Friday, February 4, 2011

We’re All In ‘It’ Together, But Tackling ‘It’ Differently

1-29-11

Spending a couple of days in Stamford underscores the inter-related nature of the towns in and around Otsego County today, historically and – more to the point – tomorrow.
To begin with a little inside baseball, it was interesting to discover that Simon Bolivar Champion of Bloomville, a hamlet between Stamford and Delhi, apprenticed in Cooperstown in the 1840s for John Prentiss, then publisher of The Freeman’s Journal, Hometown Oneonta’s sister.
He applied the lessons he learned to create the Bloomville Mirror, which he later moved to Stamford.  It evolved into the Mirror-Recorder, and continued to publish into 1992.
Like many of our downtowns – with the exception of Cooperstown, perhaps  – Stamford’s has been challenged in recent years:  by the opening of I-88, by Scotch Valley Ski Resort’s bankruptcy and by the ease in getting to Oneonta just a few miles west on Route 23.
This year alone, however, Stamford (and nearby Hobart, to a lesser degree), has obtained $3.5 million in state Main Street and Restore New York grants to renovate venerable, but deteriorating, downtown buildings.
While Hobart is getting only $500,000 of that, it’s enough to redo six buildings, including the former Delaware Valley Propane Co. plant, which will then house the Liberty Tree Book Store, expanded to 85,000 volumes.
Hobart is becoming ever-more successful as “Book Village of the Catskills” – a brand it’s been promoting for five years – but promoter Don Dales believes Liberty Tree’s expansion will hit “critical mass,” catapulting the tiny village into the book-selling stratosphere.
Brand-wise, Stamford is taking lessons from Hobart.  Oneonta, which is undergoing a brand-building exercise now, could likewise benefit.
That tiny Hobart – it’s about the size of Schuyler Lake or Milford – can make big things happen means Cherry Valley, Springfield Center, Middlefield, Milford and Hartwick can as well.
Another lesson:  attorney Mike Jacobs, believing Stamford’s population of 1,200 – Cooperstown has 1,900 – was too small to support a fulltime police department, was able to convince the powers-that-be in Albany to assign two more troopers to the area.
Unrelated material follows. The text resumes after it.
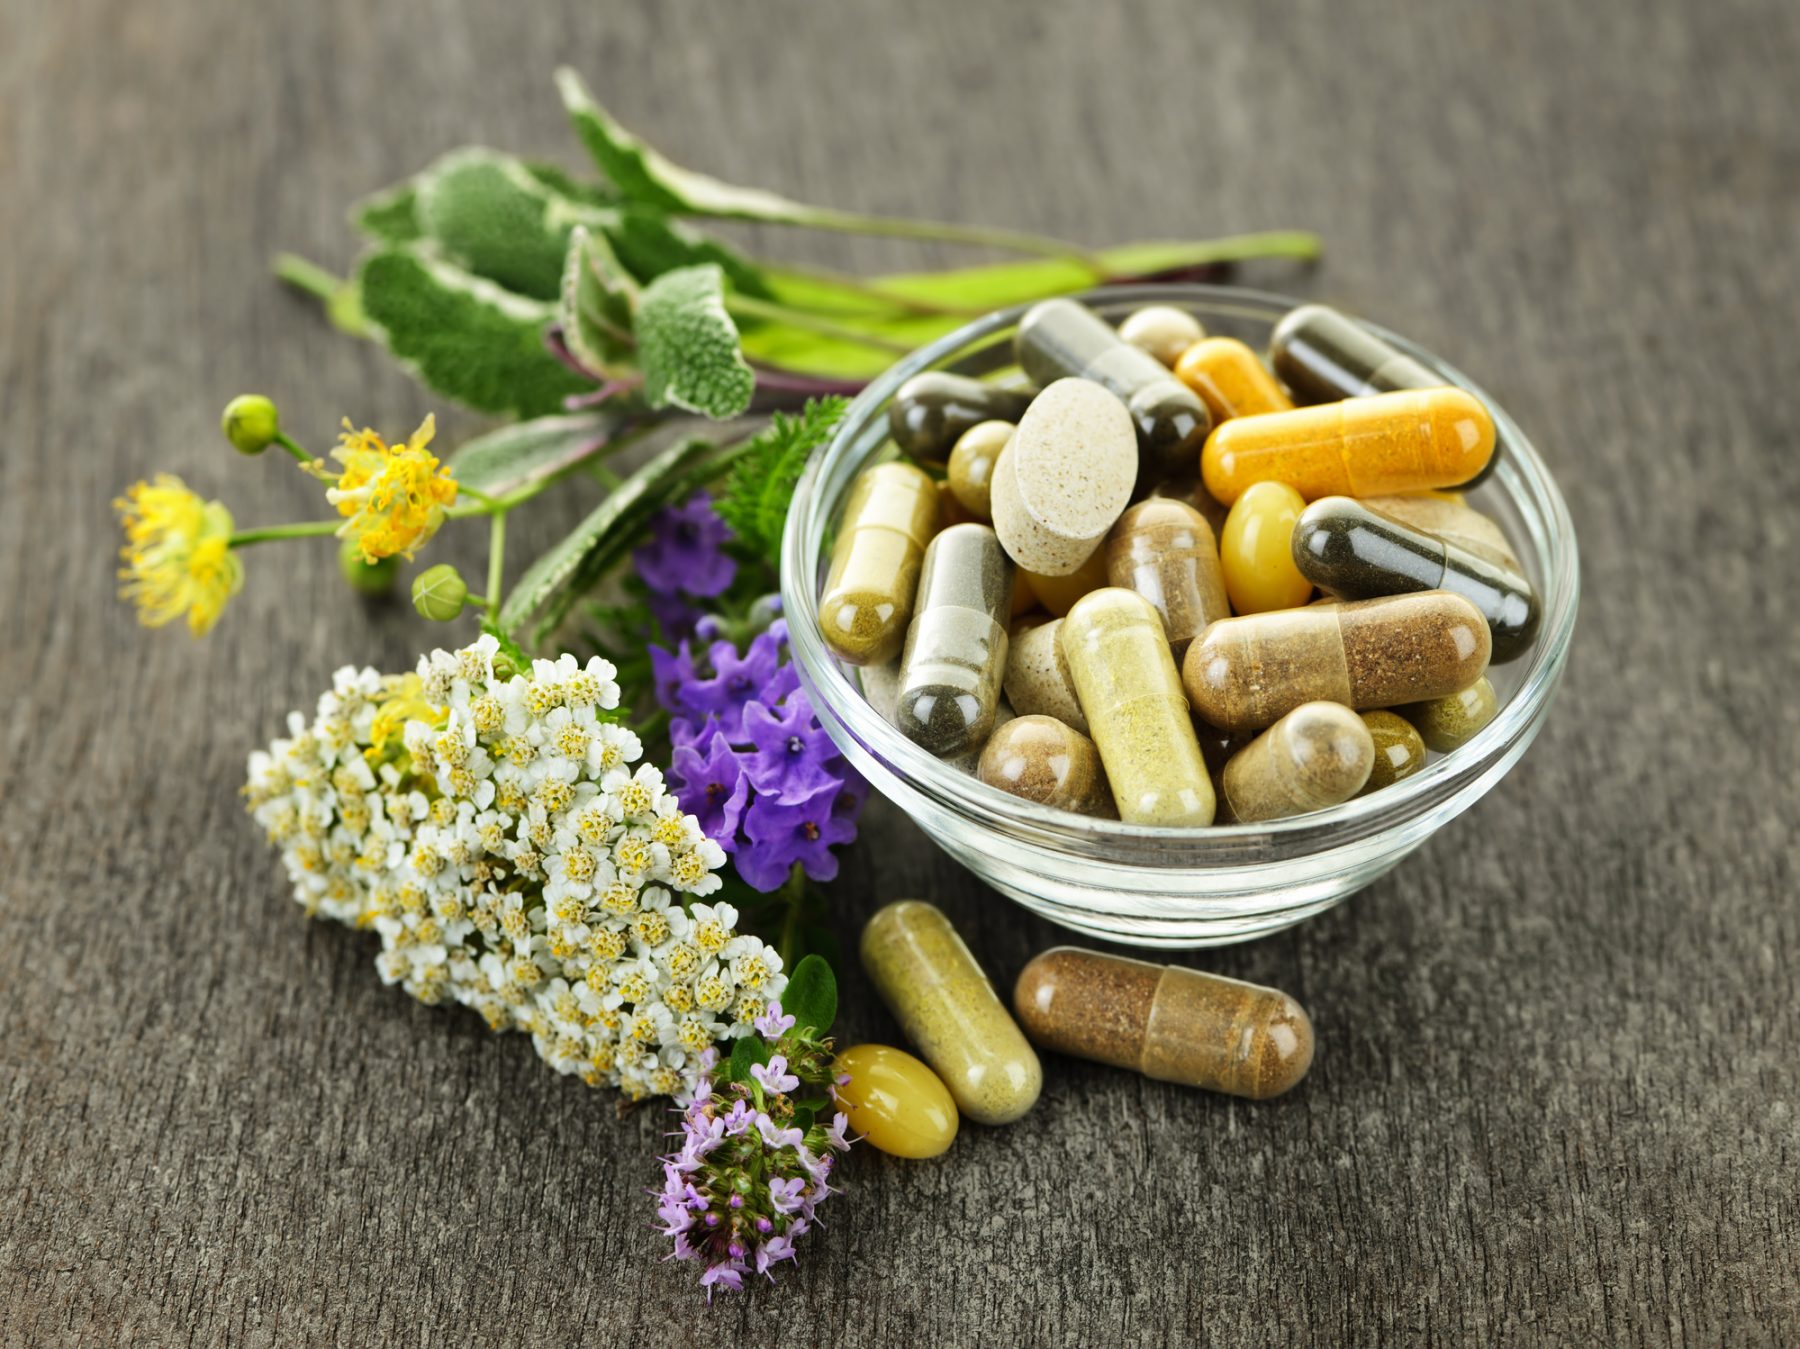 Herbal medicine, herbs, vitamins, and supplements in a bowl

When former mayor Anne Slatin pressed ahead with plans for a full-time police department regardless, Jacobs ran for mayor in March 2009 and defeated the incumbent.
There’s a question worth asking as the Otsego County Sheriff’s Department and Cooperstown village police press to expand:  As costly local forces grow, does it simply mean state police will cut back their presence?
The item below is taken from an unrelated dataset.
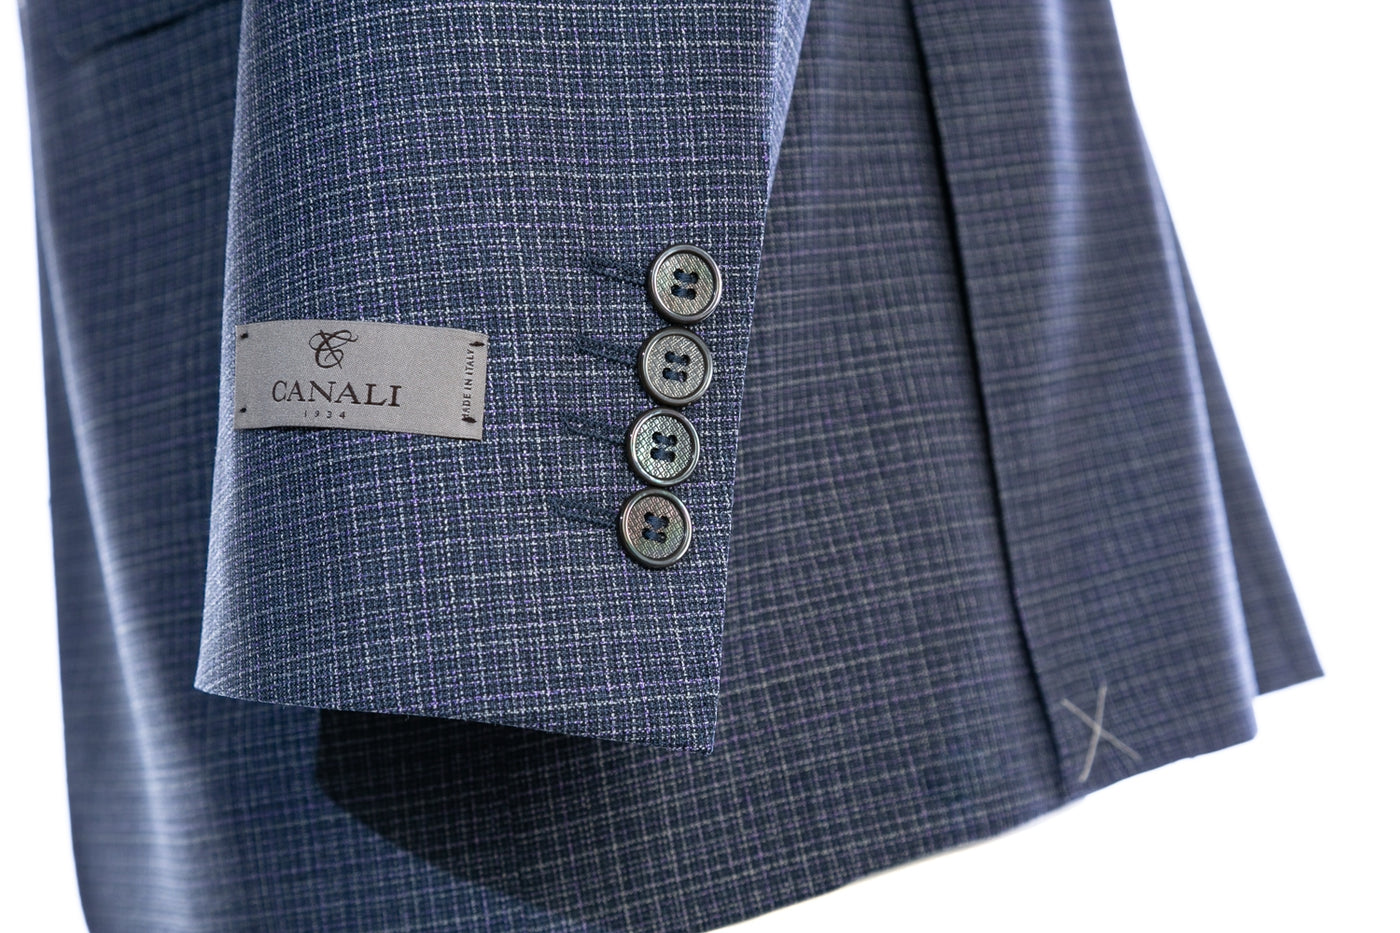 Canali Weave With Notch Lapel Suit in Blue Cuff

In other words, does more local money invested in police mean no greater police protection?
Mayor Jacobs would have an opinion or two on that.
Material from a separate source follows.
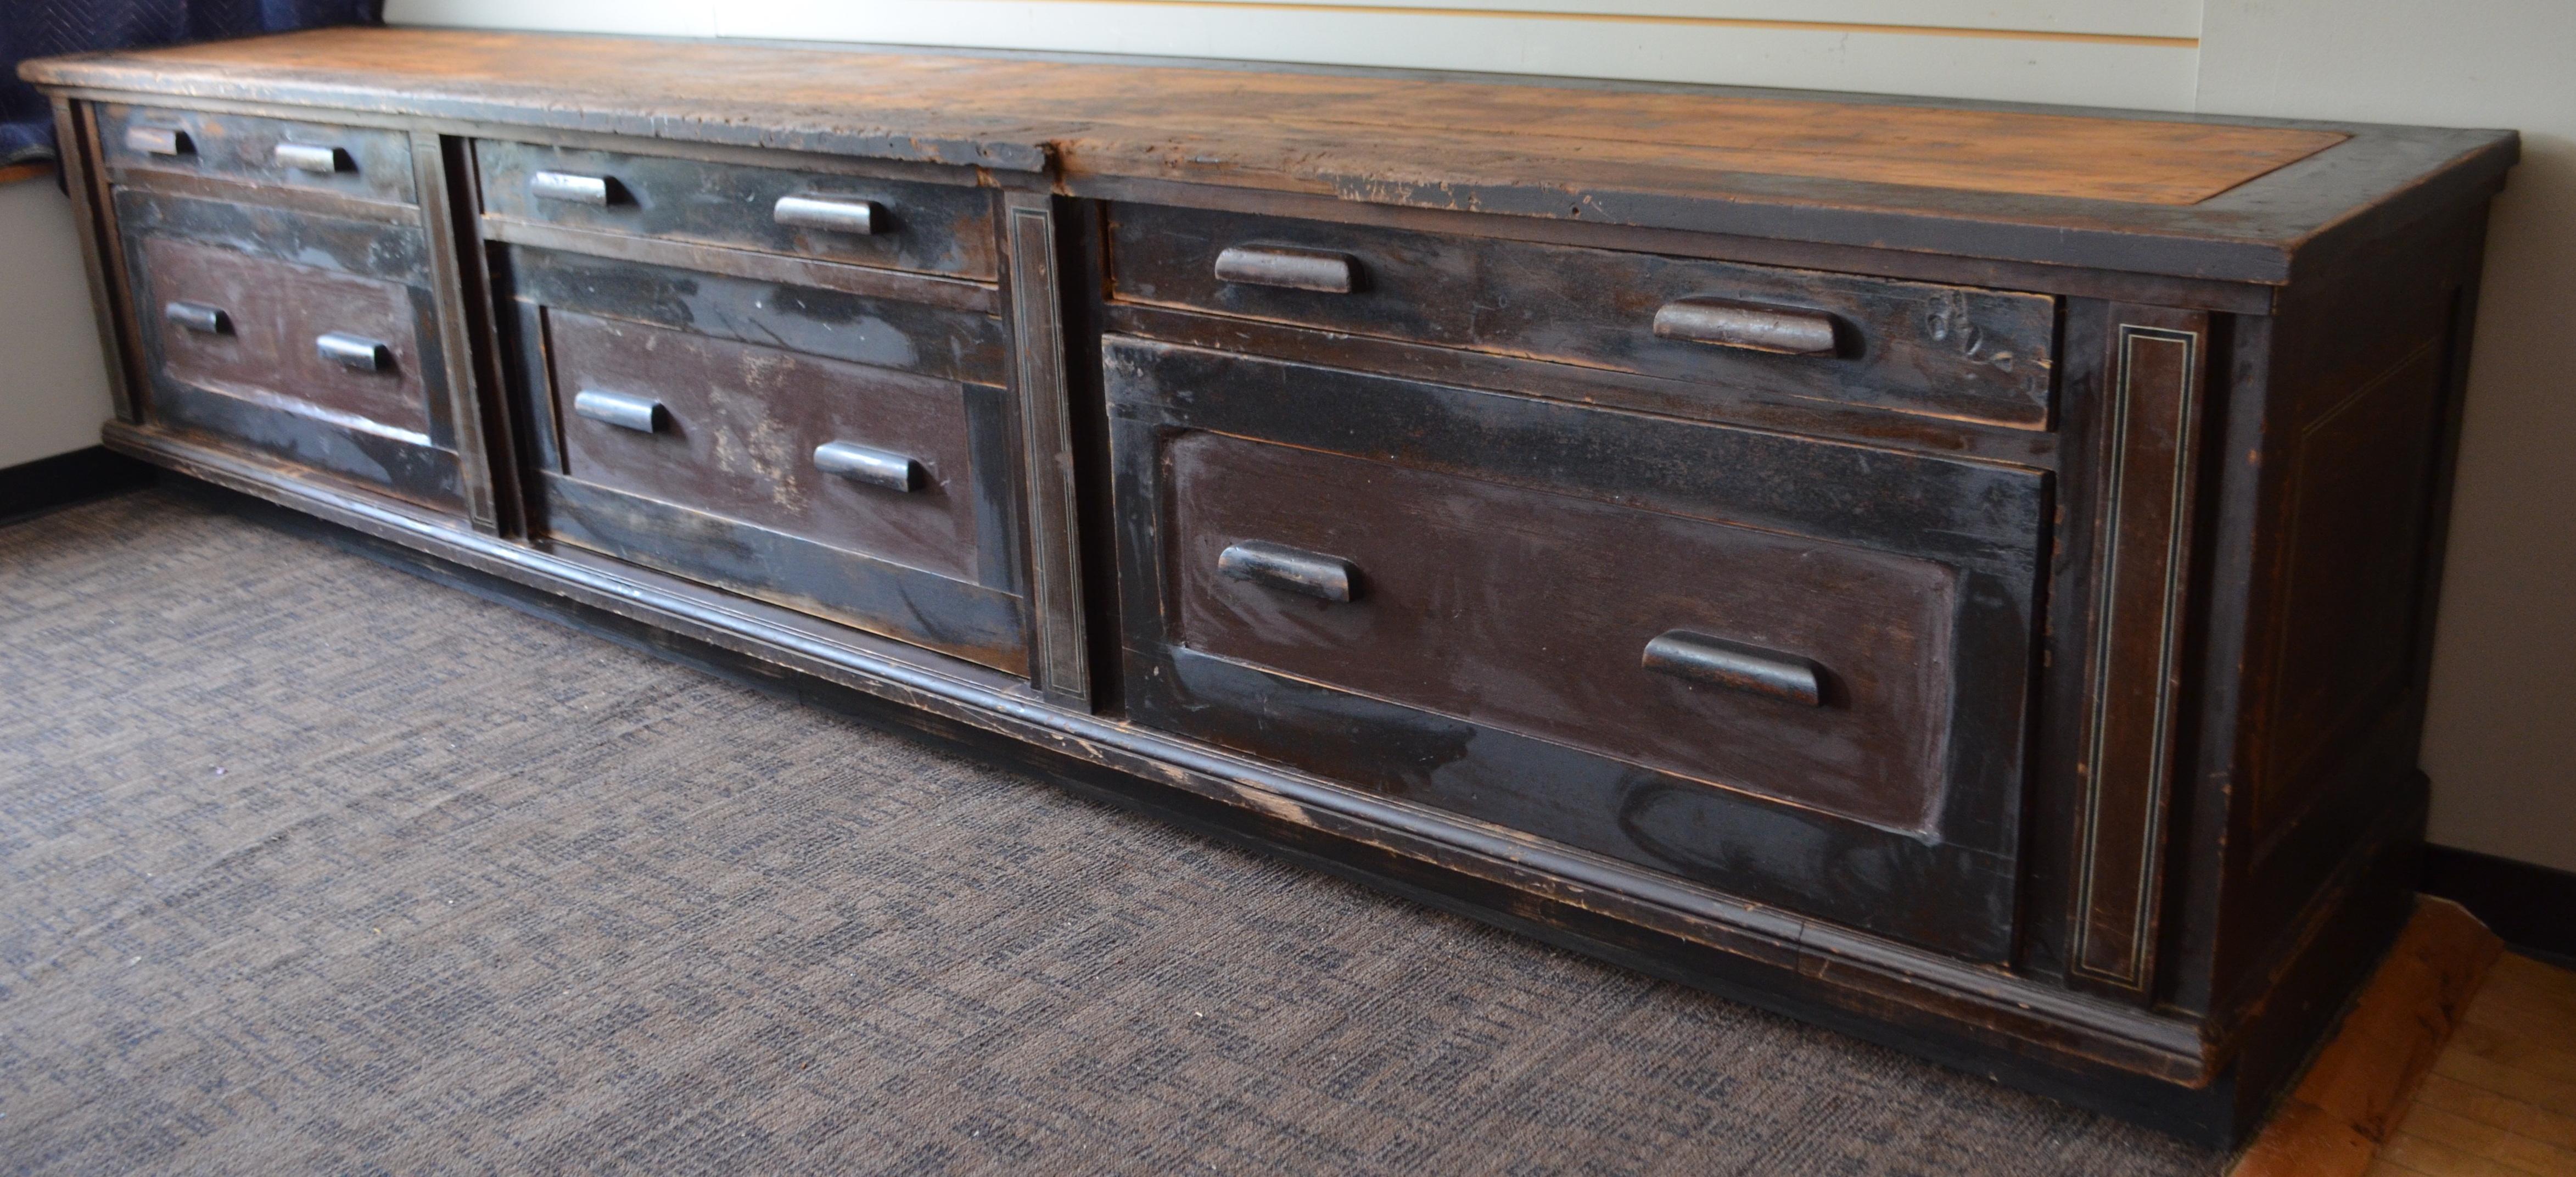 Impressive 12.5' long kitchen island from country store counter out of an 1850s farm in central Maine. Counter served as a work and storage unit in the barn of that Yankee farmstead for decades as evidenced by the amazing patina and character marks

Another quick one – we could go on and on – is the Catskill Watershed Corp.’s $2 million renovation of Stamford’s historic Delaware Inn.
As former Oneonta Mayor John S. Nader discovered with Bresee’s, private financing alone couldn’t make the project viable.  The public piece – public investment, if you will – was needed.
(Delaware County’s Clark Foundation equivalents – the Robinson Broadhurst and O’Connor foundations – are in the thick of all this; could the Clark play a fuller role in community revitalization here?)
The Delaware Inn experience brings to mind the $7.5 million in public money obtained to make Bresee’s viable.  It closed the gap, allowing a private developer to take on the project and make money.
Once complete, Bresee’s offices and apartments and the Delaware Inn’s conference center will be catalysts for the revival of their individual downtowns.  It’s not Communism, but simply common sense.
There’s an intrinsic logic to all of these projects – Eklund Farm Machinery’s owners are planning a processing plant for the Stamford area’s organically grown meat, an idea that would make sense across our rural region.
One community’s thought-provoking ideas can inspire another.  One community’s experience can show another community it’s on the right path.
Once a month during 2010, our reporters will be spending a day or two in a town in our region that most of us might not usually happen to visit.  From the Stamford experiment, we can anticipate the rest will have a lot to share as well.